Word for word, transcribe the lines below and drop the pictures.

| Supplied information |
═══

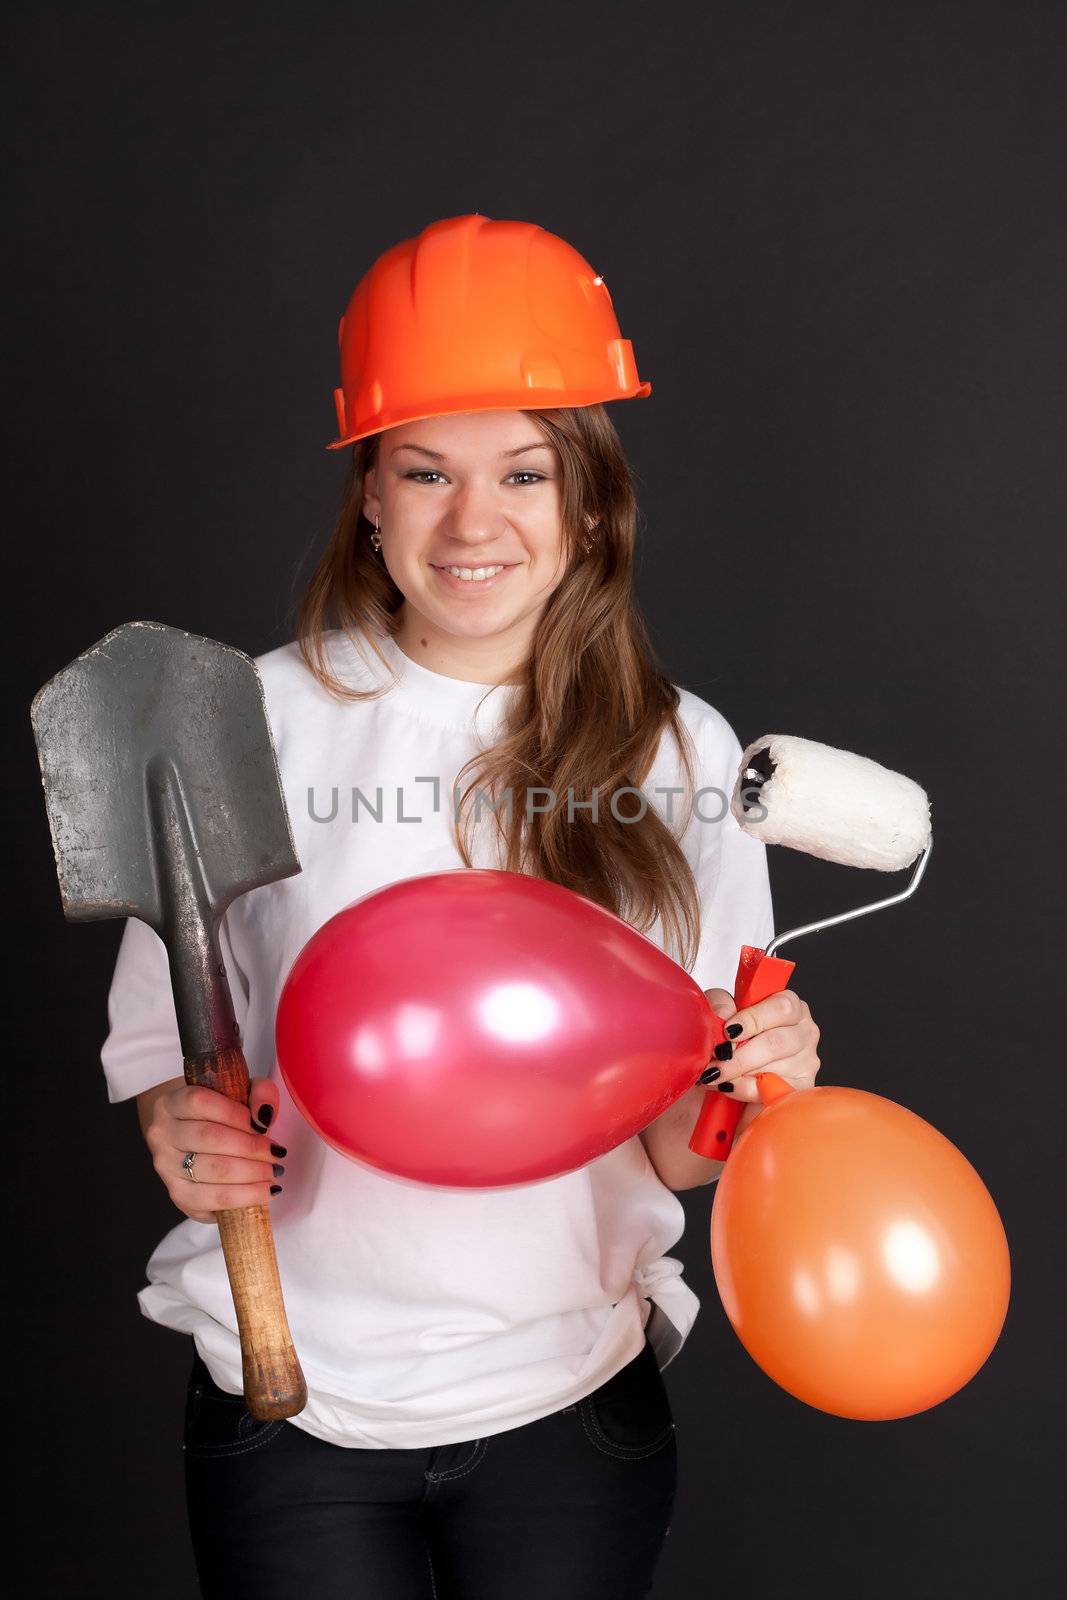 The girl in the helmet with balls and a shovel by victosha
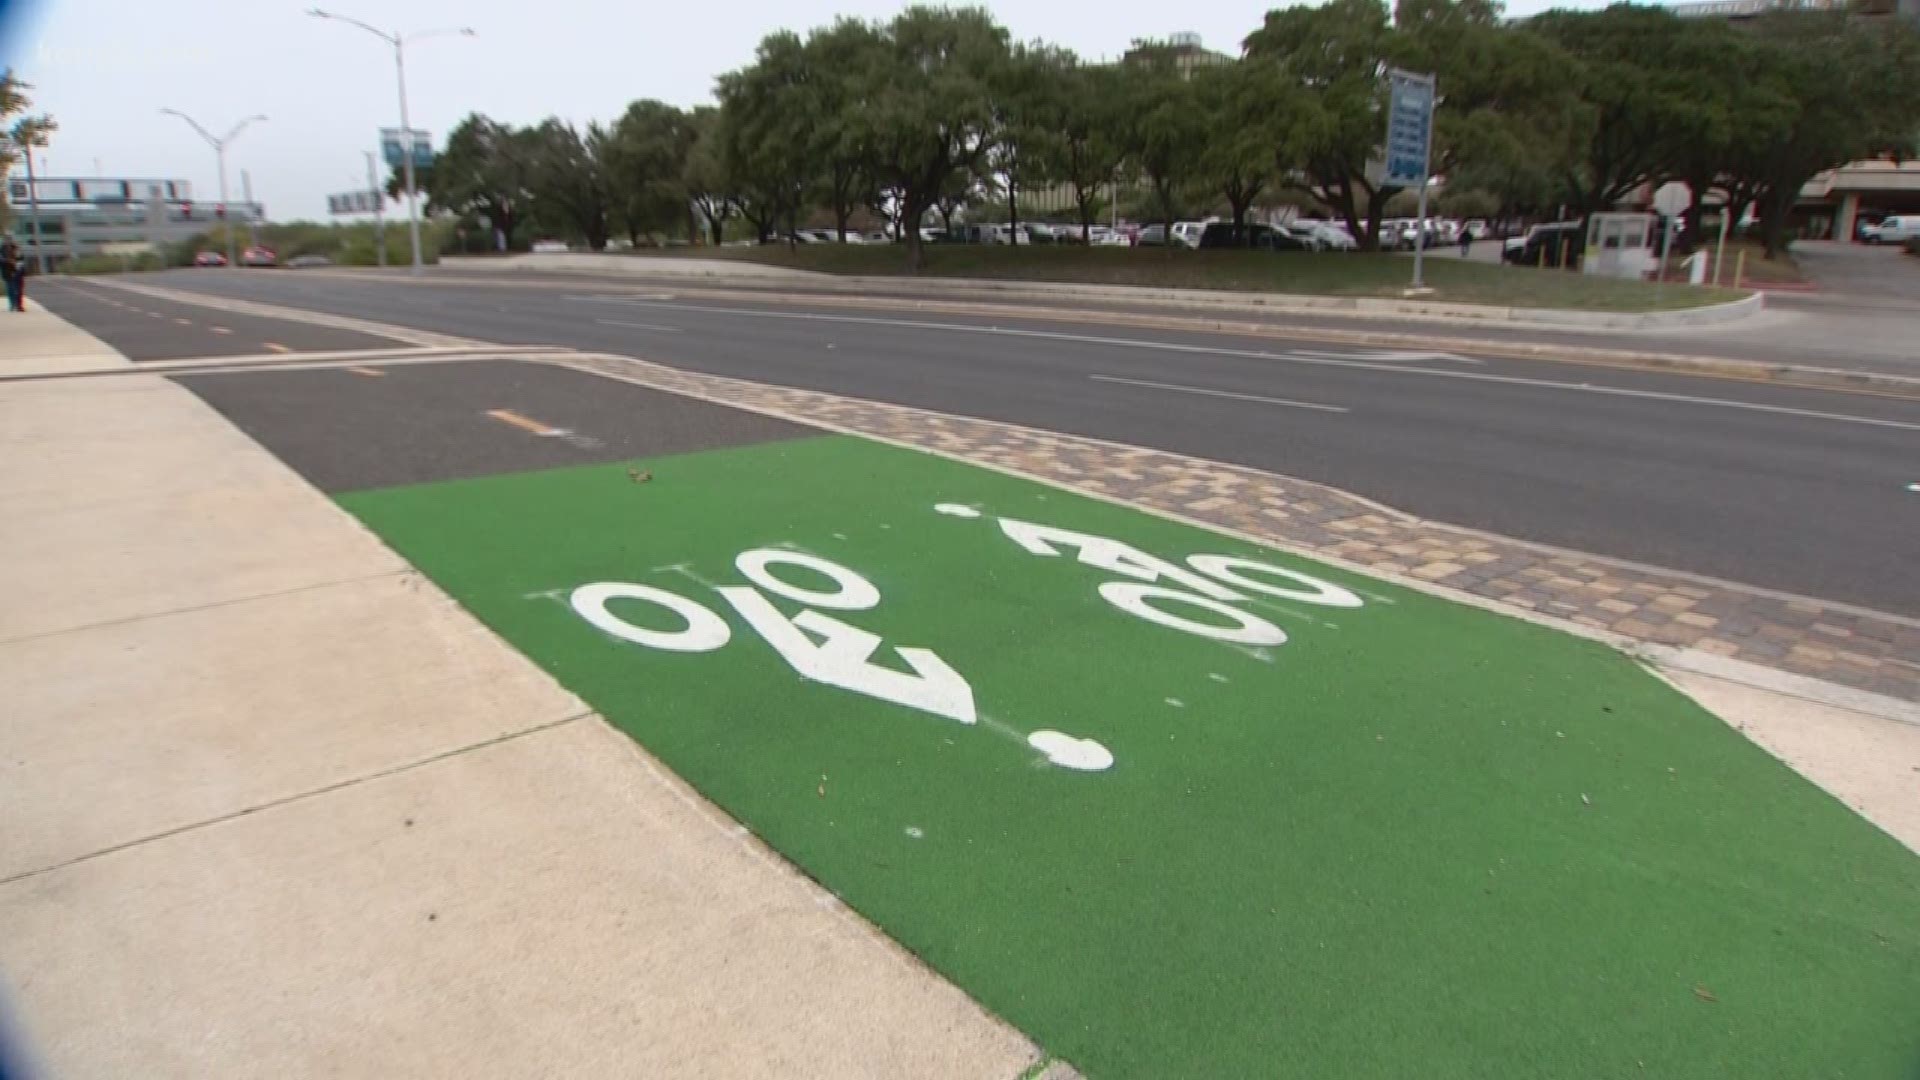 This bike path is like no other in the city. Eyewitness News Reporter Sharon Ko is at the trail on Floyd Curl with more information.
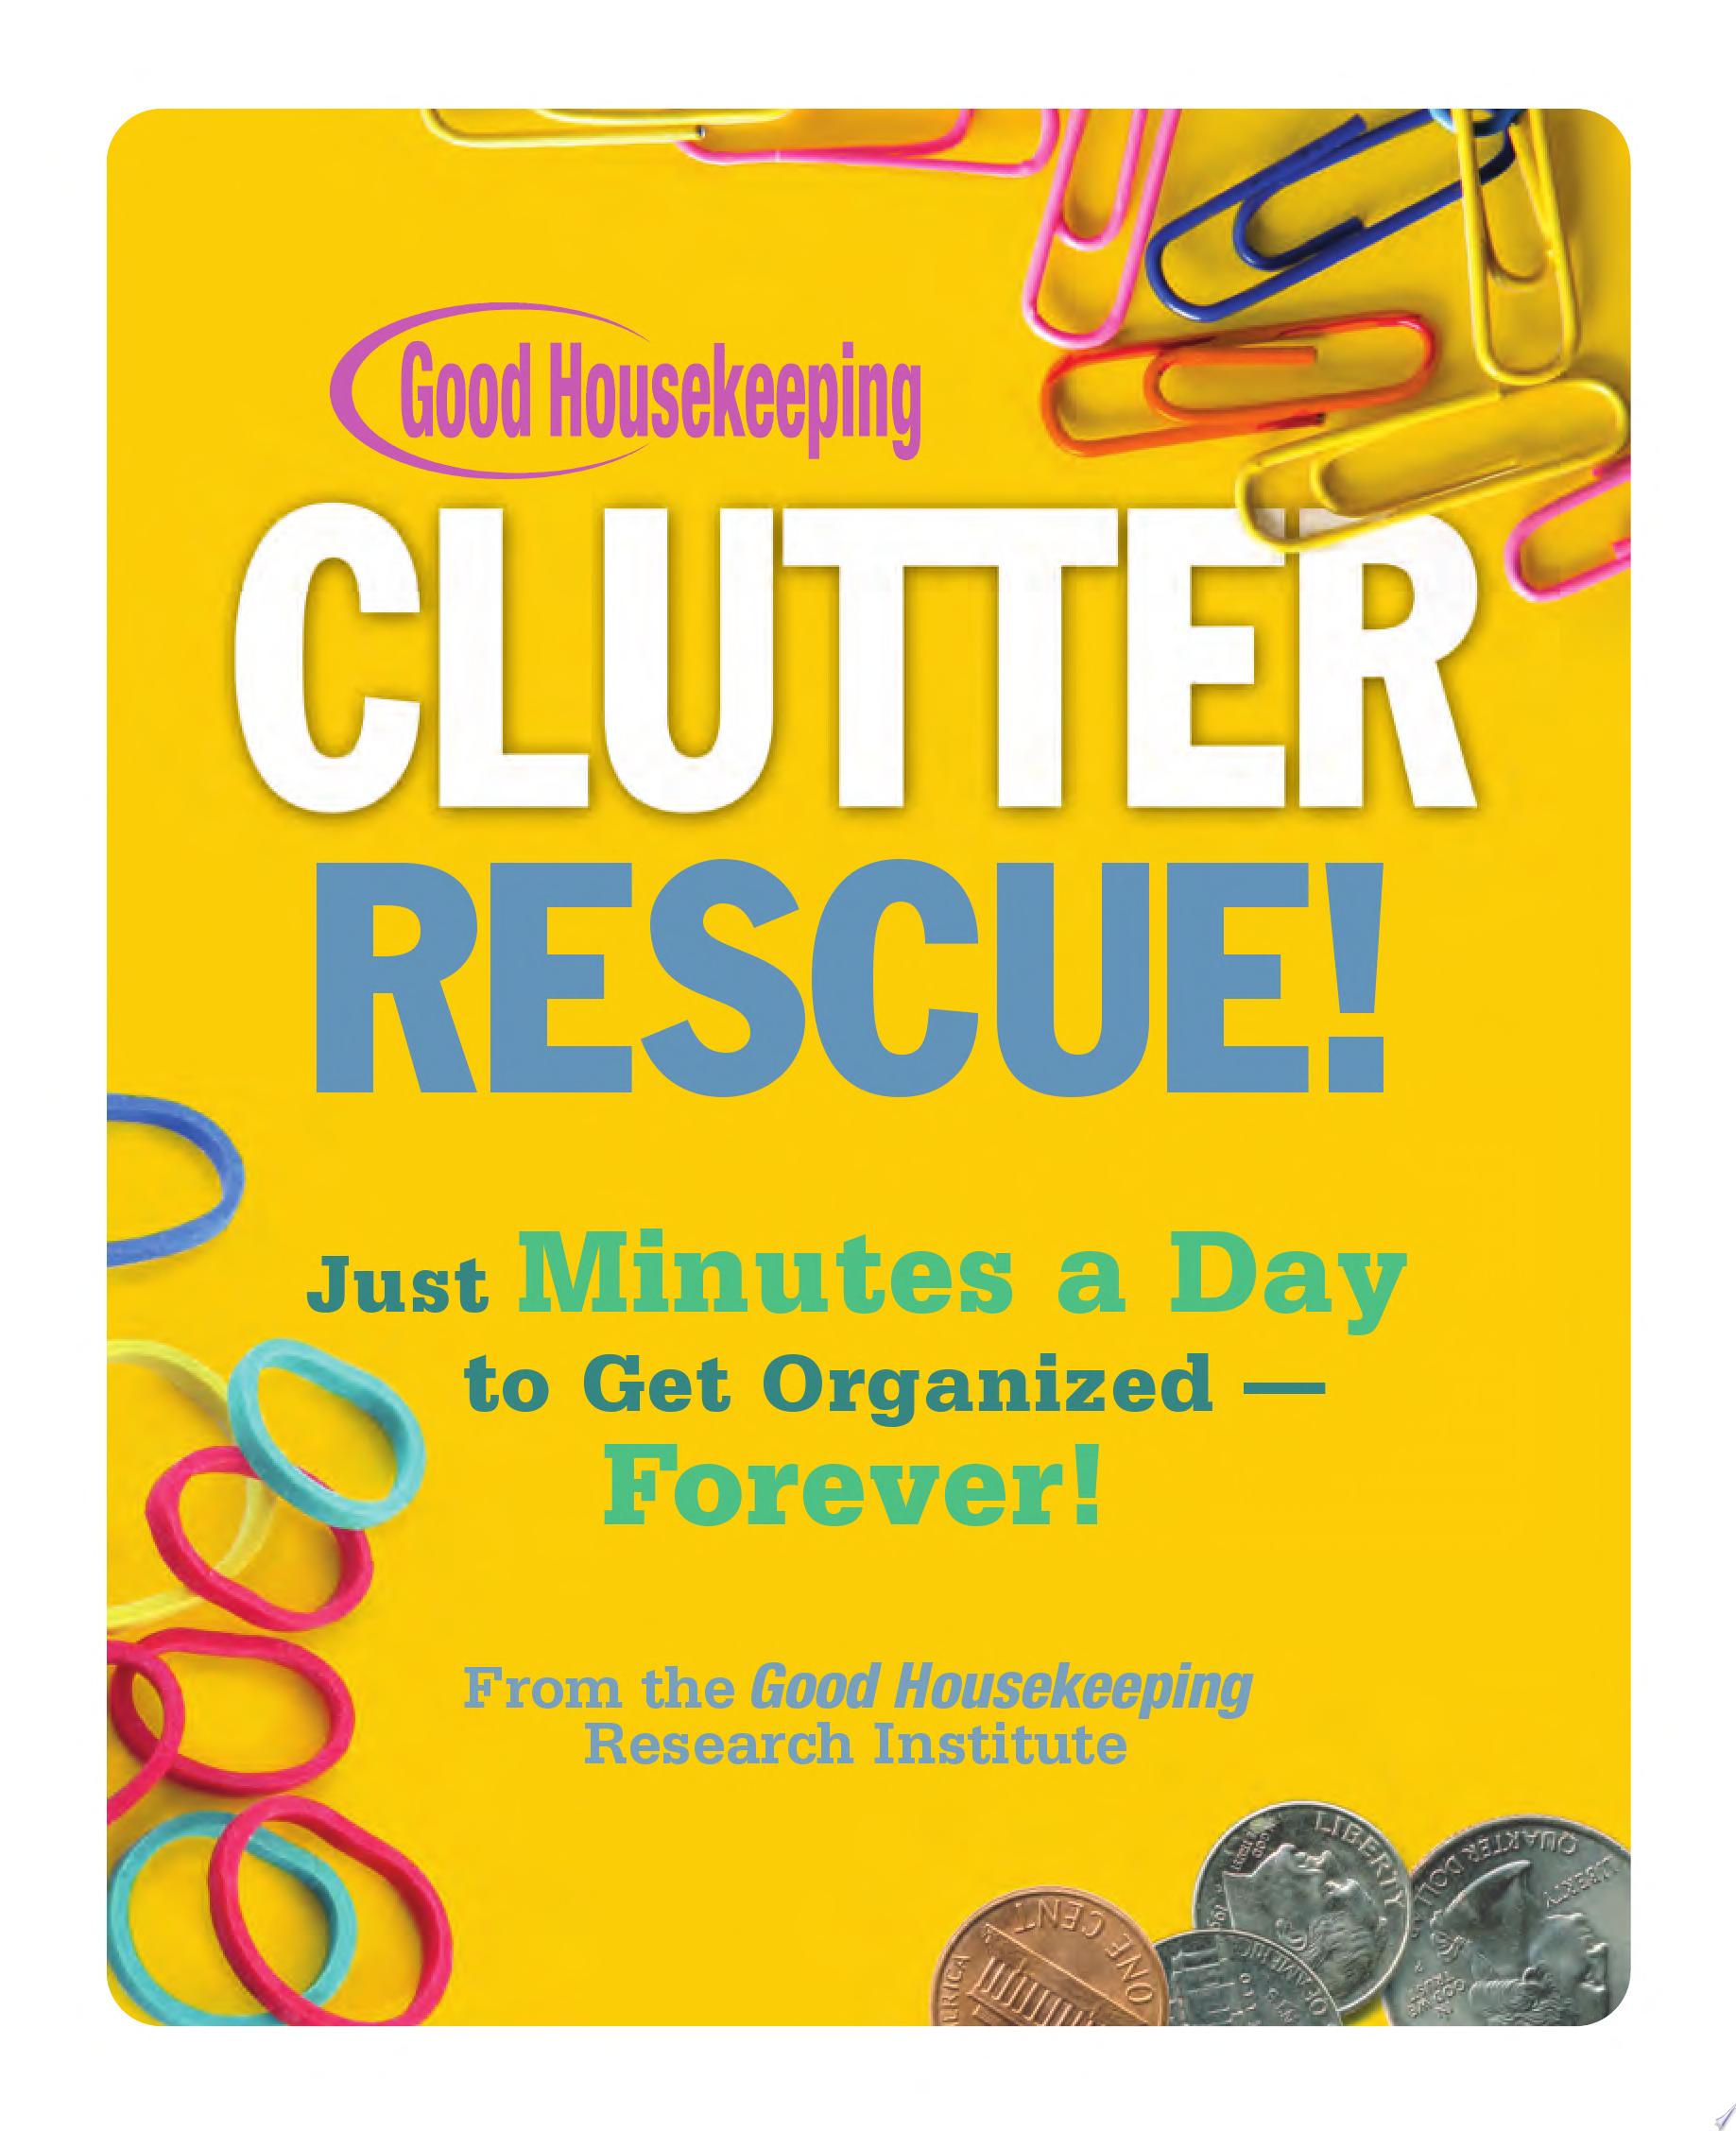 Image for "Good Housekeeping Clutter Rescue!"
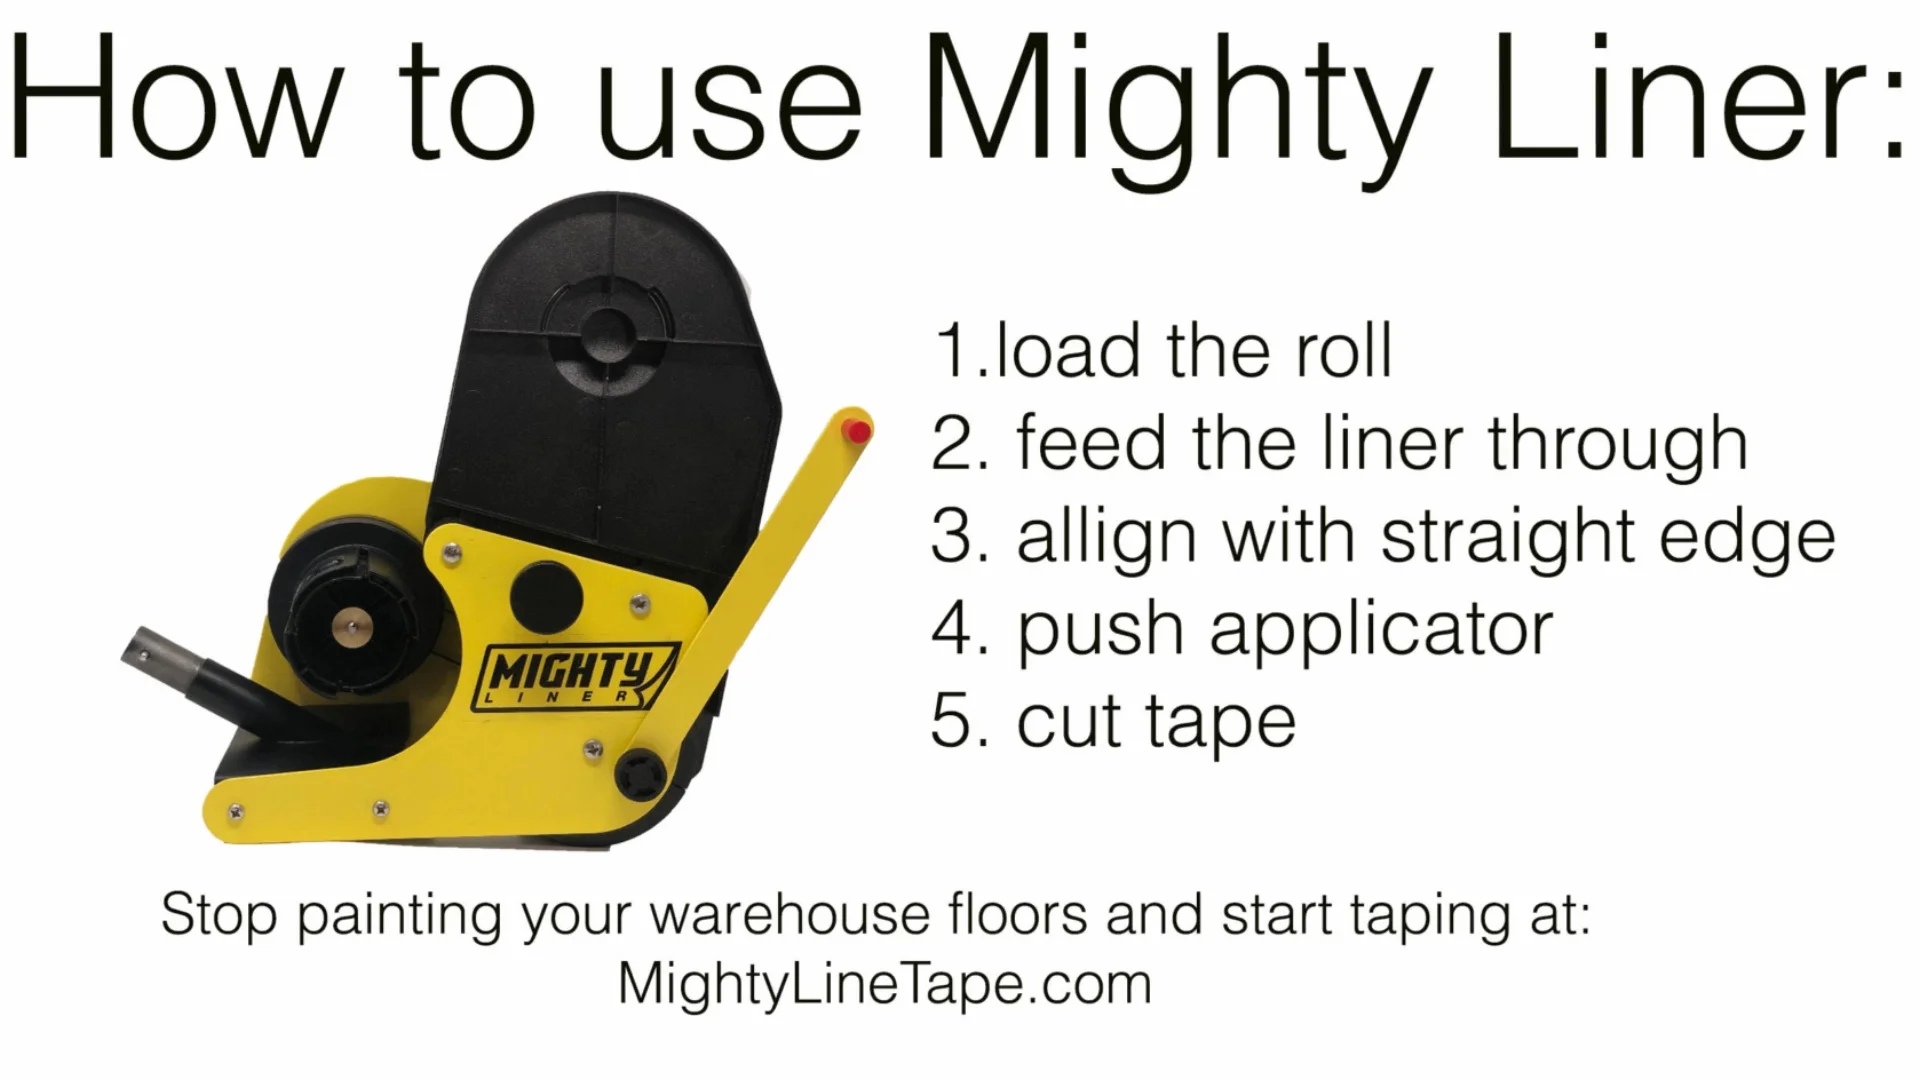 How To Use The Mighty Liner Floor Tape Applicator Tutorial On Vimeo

═══

| Your solution |
 The girl in the helmet with balls and a shovel by victosha
 This bike path is like no other in the city. Eyewitness News Reporter Sharon Ko is at the trail on Floyd Curl with more information.
 Image for "Good Housekeeping Clutter Rescue!"
 How To Use The Mighty Liner Floor Tape Applicator Tutorial On Vimeo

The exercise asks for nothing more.